Below are key takeaways from the Variety Entertainment Summit, held January 10 at the Aria Resort and Casino in Las Vegas:

Netflix increases its ad user base and Amazon Prime Video ads arrive: In 2024, streamers will look to take a bigger share of the advertising pie. Netflix advertising president Amy Reinhard revealed that the company now has more than 23 million monthly active users worldwide on its advertising tier (up from 15 million two months ago). “Expanding our business is absolutely our highest priority right now, but we want to make sure we do it in a way that is meaningful to members,” she said. In a separate panel, Alexys Coronel, head of entertainment and telecommunications at Amazon Ads in the US, discussed the upcoming launch of ads on Prime Video on January 29 (with an option for members to pay an additional $2 monthly fee .99 to exclude ads). Amazon will be able to reach 115 million unique viewers in the US and will provide a path to conversion for selling products on Amazon and third-party platforms from day one, Coronel said: “It’s a big change for us” .

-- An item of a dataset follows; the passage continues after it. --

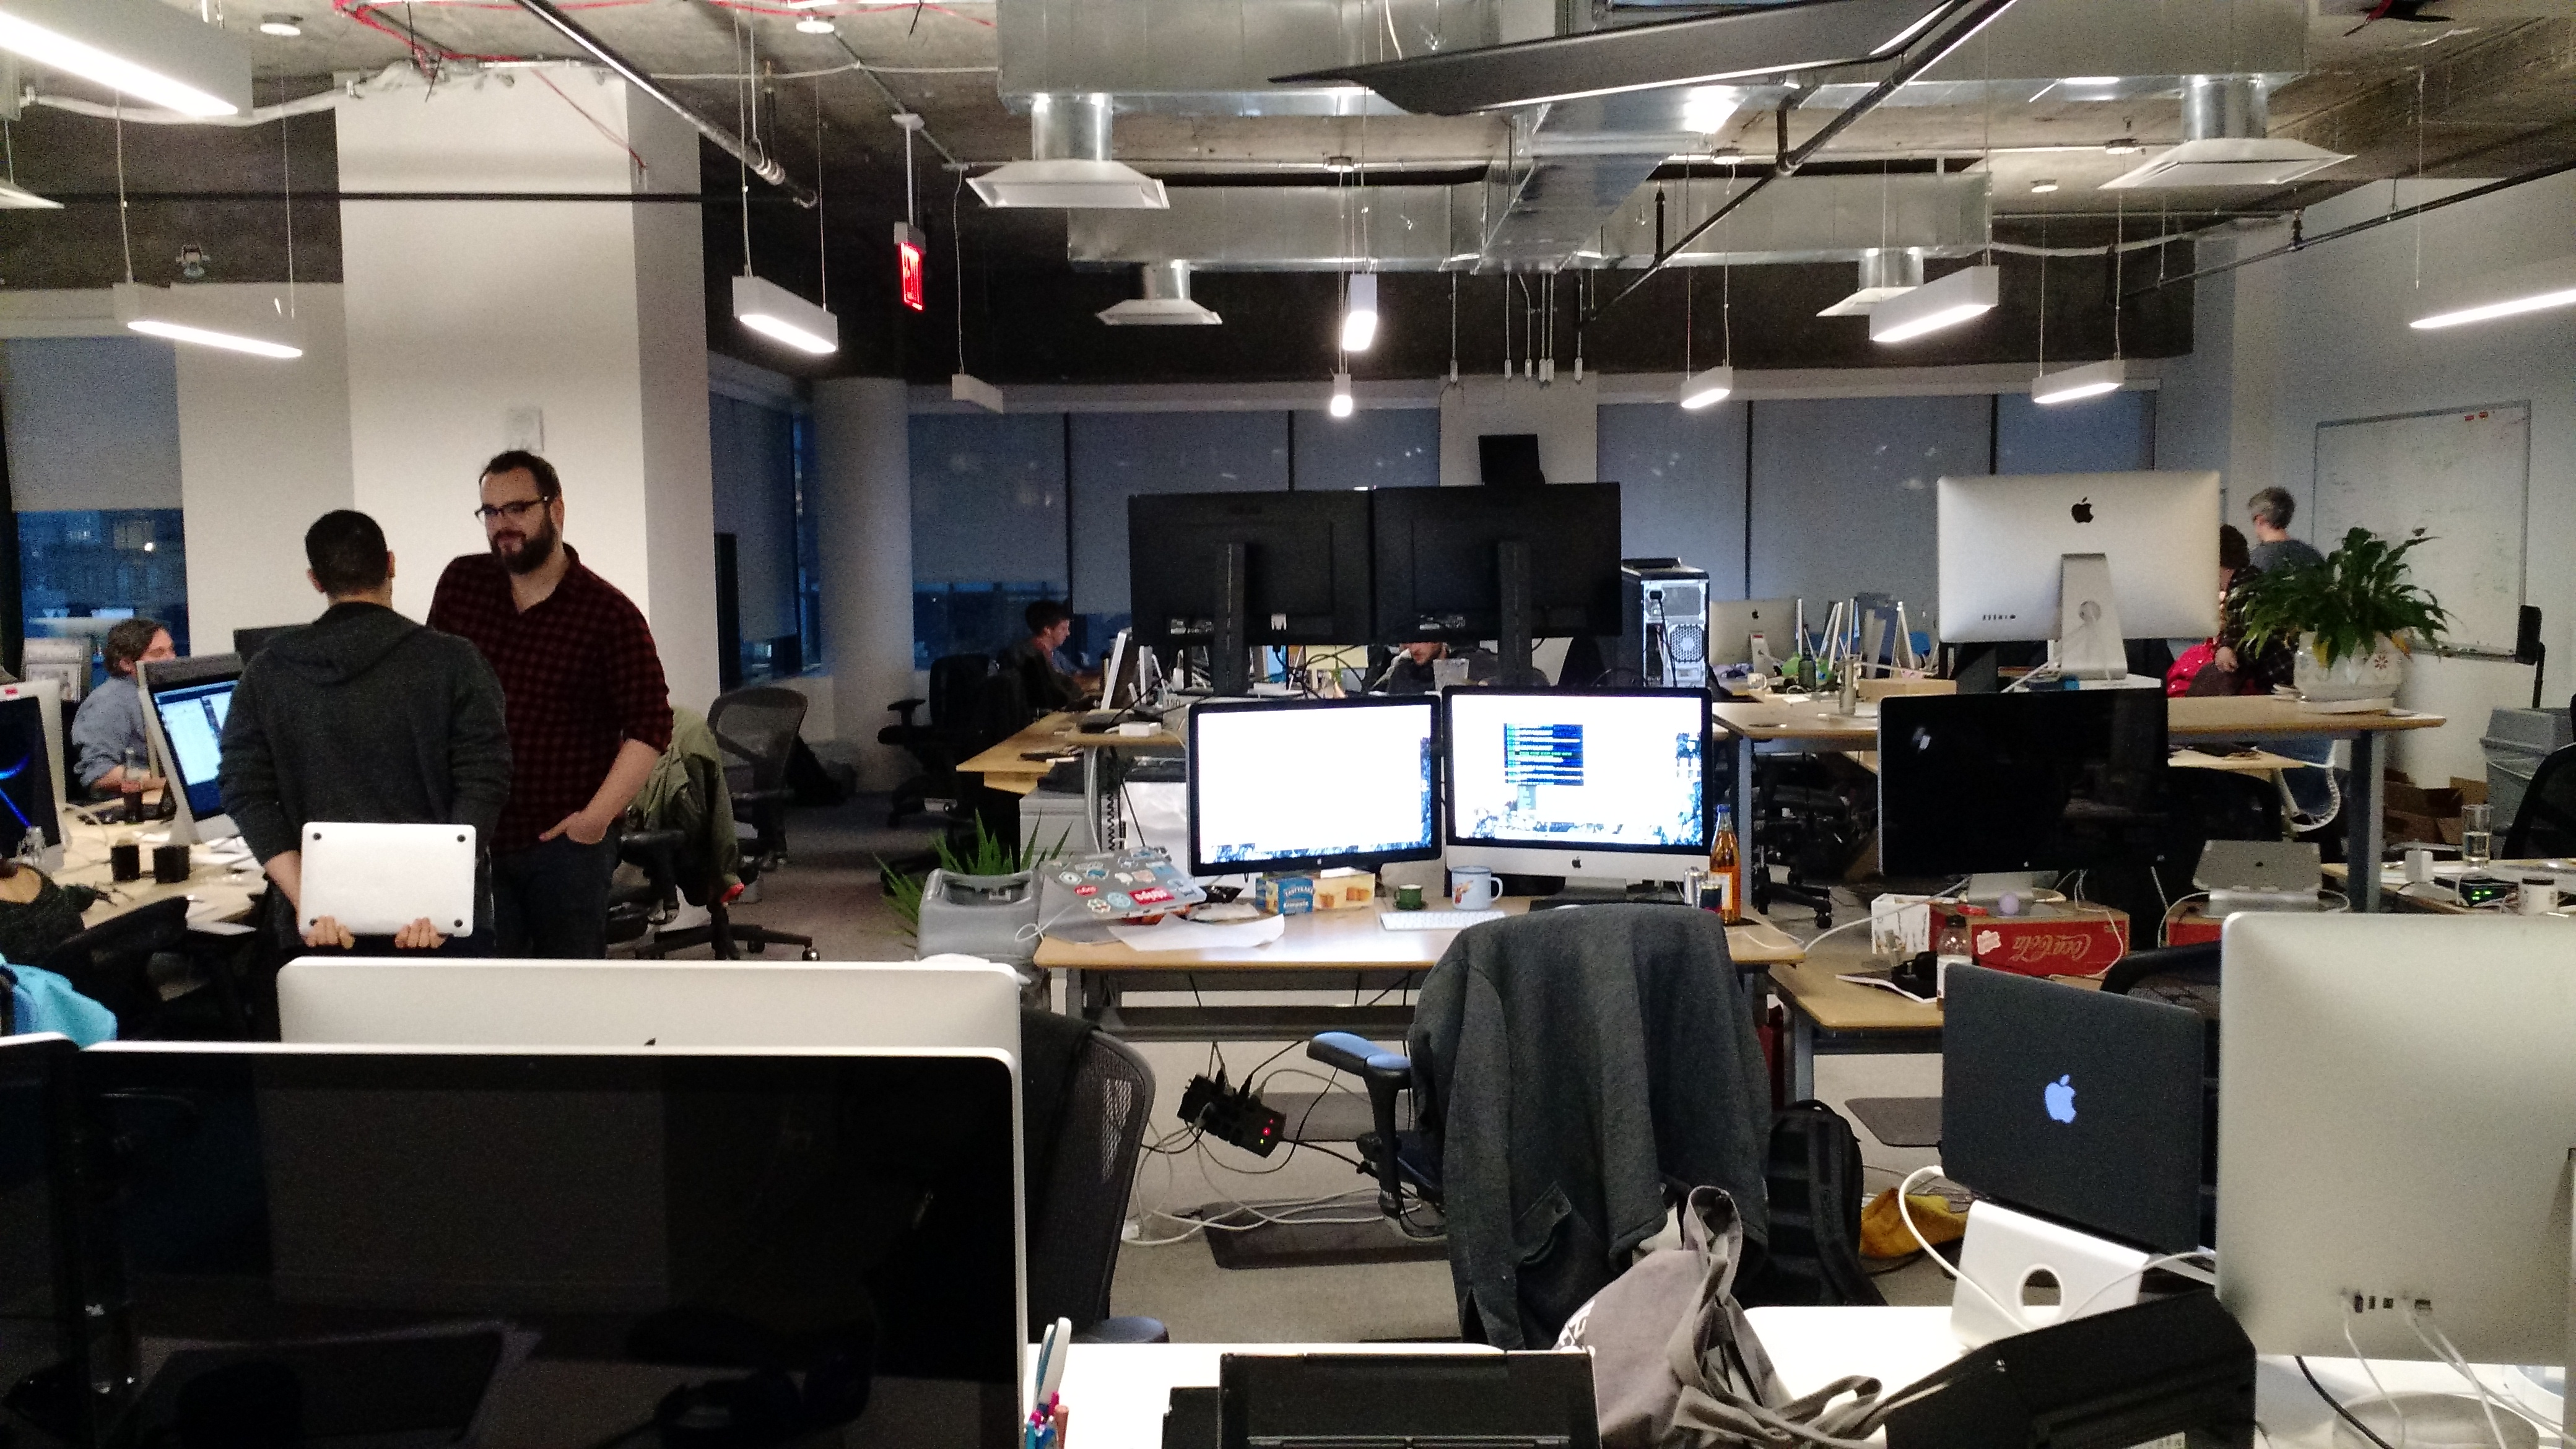 The DigitalOcean headquarters in New York on Dec. 10.

Roku’s TV streaming ambitions: Collier, a former Fox Entertainment and AMC Networks executive who joined Roku in 2022, touted the streaming platform’s narrative that TV viewing is inevitably migrating to Internet distribution. “We’re going to be the forerunners of most, if not all, television,” he said at the event. “And that’s an incredibly powerful thing.”

Investment in linear advertising on television has decreased, but sports are a bright spot: Variety Co-Editor-in-Chief Cynthia Littleton asked a panel of top advertising executives from Disney, NBCUniversal, Warner Bros. Discovery and Netflix: “Where’s the money?” To which Marshall, NBCU’s president of global advertising and partnerships, quipped, “You sound like my boss.” Disney’s advertising chief, Ferro, commented: “Where you absolutely see the compression of [ad] “Price and demand is linear television.” But, he said, given Disney’s digital platforms, including Disney+, ESPN+ and Hulu, “at scale we can move dollars to the platforms that matter.” And he added that within linear television advertising “there are areas where money has flowed,” highlighting sports in particular.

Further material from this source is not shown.